Sandra Snowden with her Nativity scene in
2004. File photo by Mitchell Zachs/MagicalPhotos.com
By Evan Berkowitz
The Monday after Thanksgiving marked the beginning of
holiday decorations season for the town of Bay Harbor Islands.
Sandra Snowden, a Christian activist and long-time
critic of the town’s policy toward religious displays, visited the
specific section of Bay Harbor Islands designated for that purpose —
an area off the side of the ever-busy Broad Causeway. The spot is
slightly raised and situated near the bridge’s tollbooths. Snowden
was looking for an acceptable place to put her nativity scene, but
once again she clashed with town officials over how and where these
decorations belong.
That morning she found Joe Fox, the town’s public
works director, at the site and told him his town was violating
federal law. She said she saw three items there: a Christmas tree,
decorative sailboats and a menorah. Snowden said the large tree and
the menorah were taking up the high center ground of the spot and
was upset that her nativity scene would be relegated to a secondary
position, below and to the side of the “hill.”
Snowden, who does not consider the tree a truly
Christian symbol, believes the town has favored Jewish symbols over
Christian ones in the past. She said that Bay Harbor’s sponsoring
and paying for that very menorah is both inappropriate and illegal.
She also thinks that giving the Jewish symbol a superior position to
her Christian one is unfair. “They are putting Christians below
those of Jewish faith,” Snowden told the SunPost.
Snowden claims Fox was initially sympathetic to her
complaints. She said he contacted Town Manager Greg Tindle and
Assistant Town Manager J.C. Jimenez over his walkie-talkie and they
did not realize she was listening. When she started to debate with
them using Fox’s radio, she said town officials became very agitated
and eventually disconnected. Jimenez, however, denies becoming upset
about the matter. “When I left he [Fox] was called into Greg’s
office for the town to meet and decide what to do,” Snowden wrote
the SunPost in an e-mail.
“On [the following] Tuesday morning on my way to work
I stopped at Causeway Island to see where to place the nativity. The
grounds people were there. One man asked me where do you want the
nativity? I said let’s see where the middle of the [Christmas] tree
is and measure equally on both sides. He said fine I'll get the tape
measure. We started measuring together,” she wrote. Snowden said
they made a mark in the center, in front of the large tree, using a
can of green paint.
Jimenez and Fox drove up together at that time, she
said. Jimenez informed her that the menorah would be placed where it
had been last year, in the more center spot. He told her “this
conversation is over” and would not discuss the matter any further.

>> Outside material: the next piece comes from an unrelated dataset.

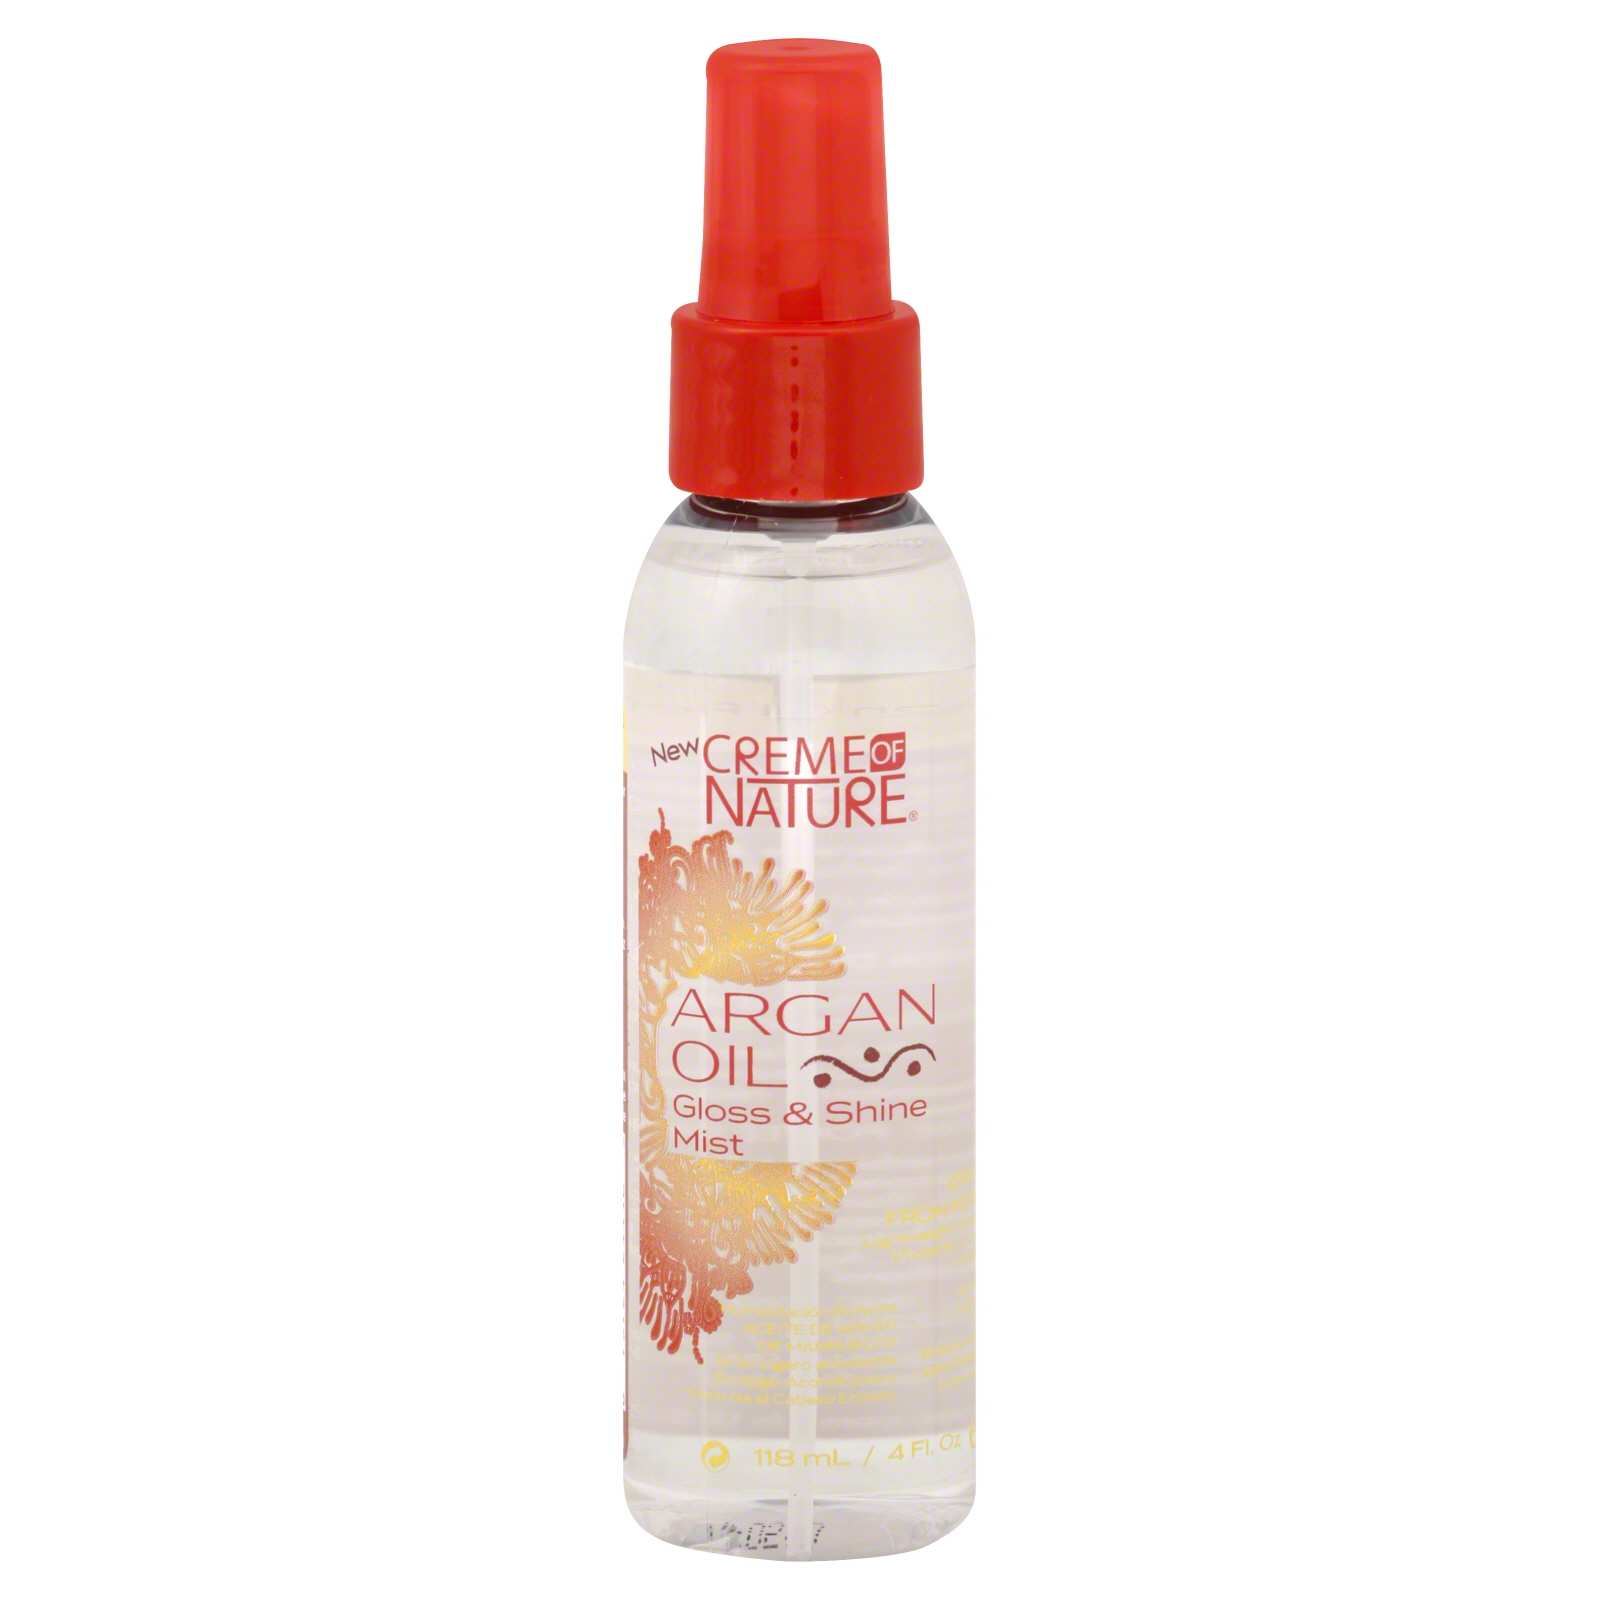 Creme of Nature Gloss & Shine Mist. Argan Oil, 4 fl oz (118 ml)

“Really there is no place for my nativity except hiding in the
trees,” she wrote via e-mail. Jimenez, though, maintains that there
is indeed adequate space.
This is only the latest episode in a saga that has
gone on for more than three years. Snowden’s legal battle with the
Town Council has been extremely acrimonious at times, and included
accusations of Councilman Isaac Salver getting her fired from her
job, trying to have her evicted and, most famously, calling her an
“anti-Semitic bitch.” As part of a legal settlement with the town
(which also granted her the right to display her nativity scene),
Salver was forced to step down for his mayoral term.
But Salver still holds a seat on the Town Council
(the mayor is chosen from among the seven elected officials) and at
the council’s Nov. 13 meeting, Snowden protested his being Bay
Harbor’s representative to the Florida League of Cities. “Salver is
not the person that the town of Bay Harbor Islands should be sending
to Tallahassee,” she said. “He’s not even a man.”
During that same meeting the Town Council unanimously
passed an ordinance that codified the rules relating to unattended
holiday or religious displays. It provided “time, place and manner
guidelines” and also stated the fee penalties for violators, which
will not exceed $250 a day for first-time offenders and $500 a day
for repeaters.
Back in 2003 town officials insisted that the menorah
was a secular symbol and that a previous court ruling forbade
religious decorations on state property. Then in 2004, a court ruled
that the menorah is in fact a religious symbol and issued a
restraining order against the town. Amid much publicity (Christian
groups and national media from across the country hyped the event),
Snowden set up a neon nativity scene on the causeway.
In 2005 the town filed an injunction against Snowden
that prevented her from installing her crèche on Causeway Island.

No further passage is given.